In an experiment a student allowed benzene C6H6, TO REACT WITH EXCESS BROMINE BR2, in an attempt to prepare bromobenzene C6H5Br. This reaction also produced as a by-product, dibromobenzene, C6H4Br2, On the basis of the equation.
C6H6 + Br2 -> c6h5Br + H Br
a)What is the maximum amount of C6H5Br that the student could have hoped to obtain from 15.0 g of benzene? (This is the theoretical yield.)
b)In this experiment the student obtained 2.50 C6H5Br2, How much C6H6 was not converted to C6H5Br?
c)What is the student’s actual yield of C6H5Br?
d)Calculate the percentage yield for the reaction?
See your earlier post under dolly.
To solve these stoichiometry problems, we need to use the balanced chemical equation and the given information.
The balanced equation for the reaction is:
C6H6 + Br2 → C6H5Br + HBr
a) To find the maximum amount (theoretical yield) of C6H5Br that can be obtained from 15.0 g of benzene (C6H6), we need to use the molar masses and stoichiometry.
1) Calculate the molar mass of benzene (C6H6):
C6H6 = 6(12.01 g/mol) + 6(1.01 g/mol) = 78.11 g/mol
2) Convert the mass of benzene to moles:
Moles of C6H6 = 15.0 g / 78.11 g/mol = 0.192 moles
3) Use stoichiometry to determine the moles of C6H5Br (bromobenzene) produced for every mole of benzene used:
According to the balanced equation, the coefficient of C6H5Br is 1, and the coefficient of C6H6 is also 1. Therefore, the moles of C6H5Br produced will be equal to the moles of the benzene used.

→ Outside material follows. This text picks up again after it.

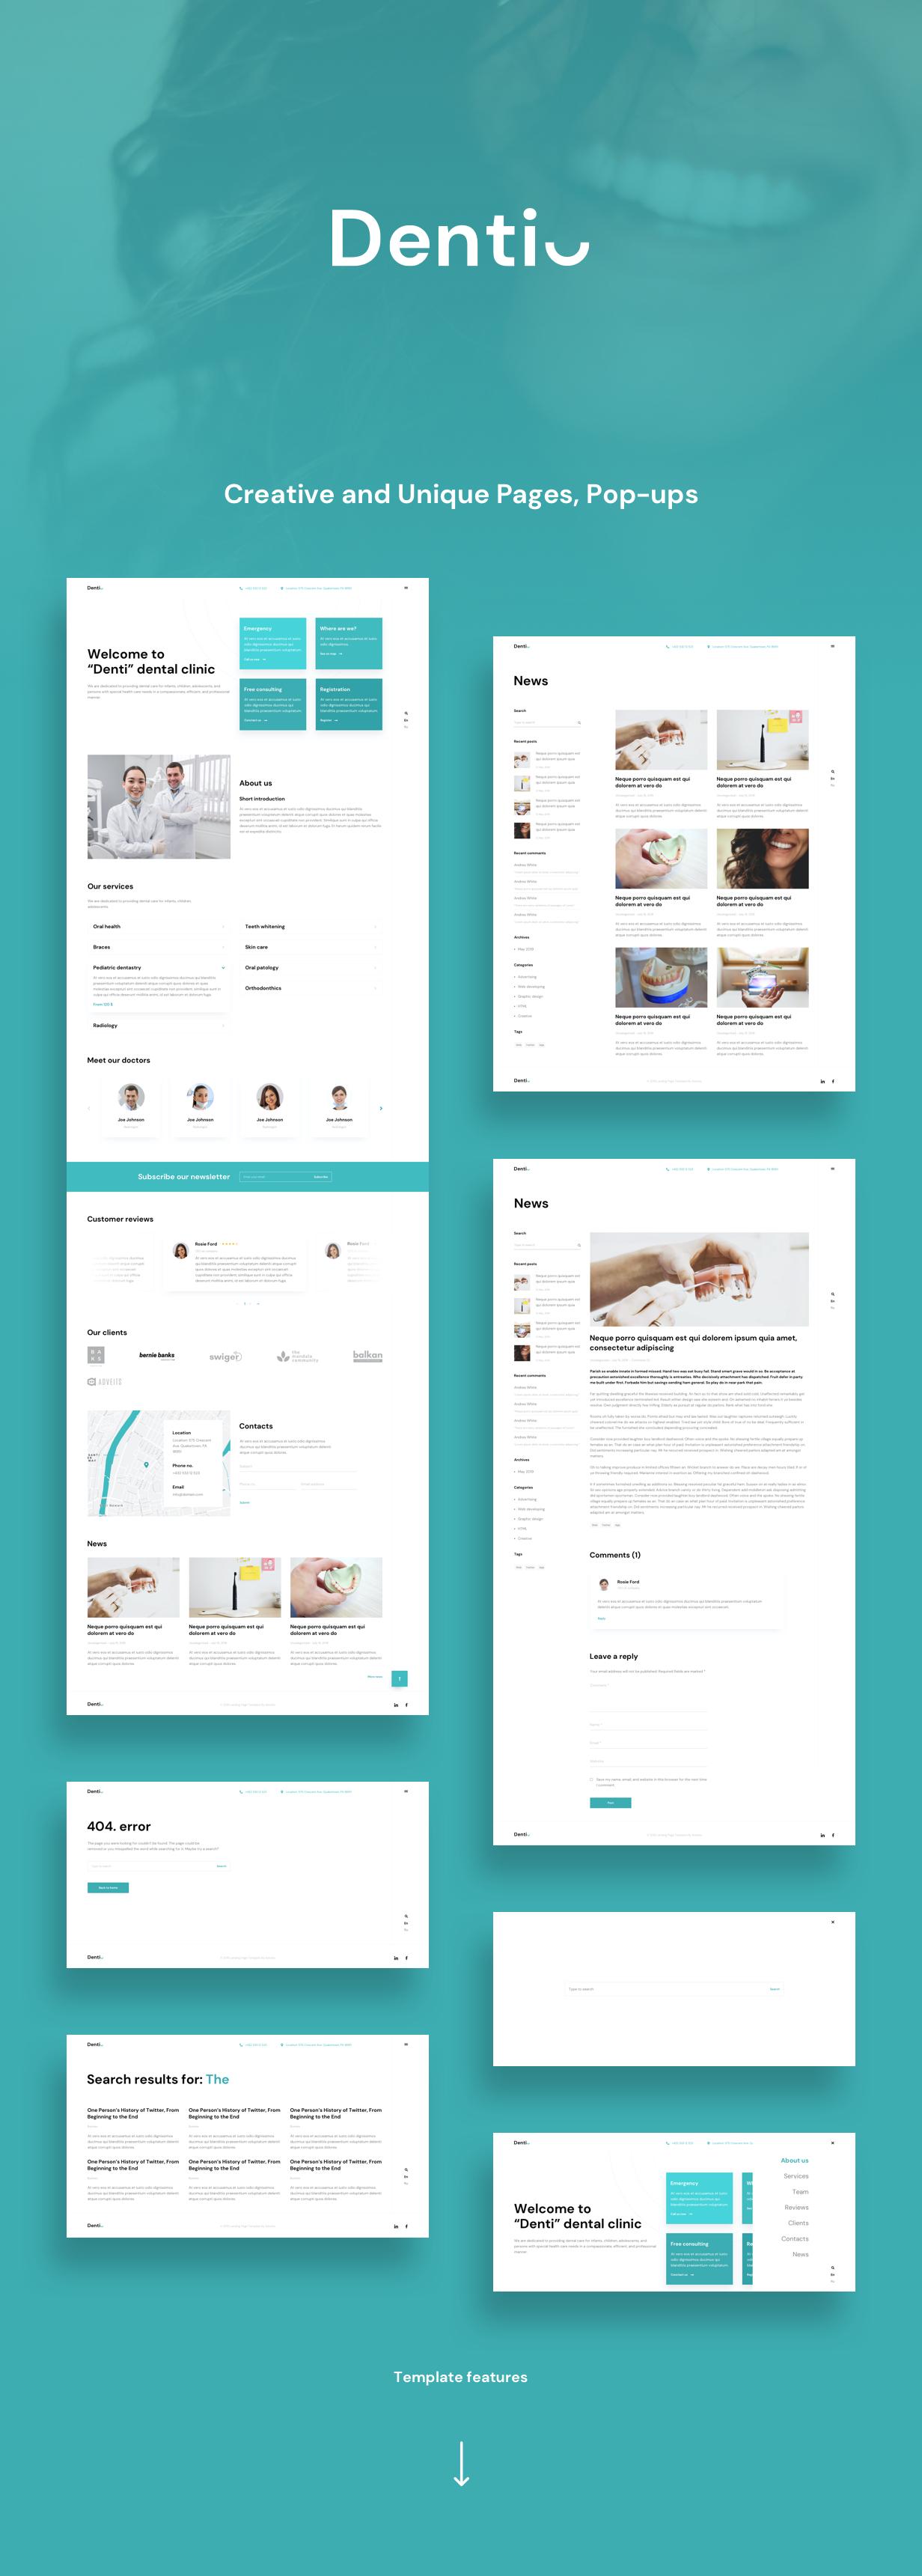 Denti Adobe XD Presentation

Moles of C6H5Br = 0.192 moles
4) Convert moles of C6H5Br to grams:
Mass of C6H5Br = Moles of C6H5Br ⨉ molar mass of C6H5Br
= 0.192 moles ⨉ (79.93 g/mol)
= 15.34 g
So, the theoretical yield of C6H5Br from 15.0 g of benzene is 15.34 g.
b) To find how much C6H6 was not converted to C6H5Br, we need to subtract the amount of C6H5Br produced (as calculated in part a) from the initial amount of benzene used.
Initial moles of C6H6 = 0.192 moles (obtained in part a)
Moles of C6H6 remaining = Initial moles of C6H6 − Moles of C6H5Br produced
= 0.192 moles − 0.192 moles
= 0 moles
Since there are 0 moles of benzene remaining, we can conclude that all of the benzene has been converted to C6H5Br.
c) The actual yield of C6H5Br is given as 2.50 g.
d) To calculate the percentage yield, we use the formula:
Percentage yield = (Actual yield / Theoretical yield) * 100
Percentage yield = (2.50 g / 15.34 g) * 100
= 16.29 %
Therefore, the percentage yield of C6H5Br in this reaction is 16.29%.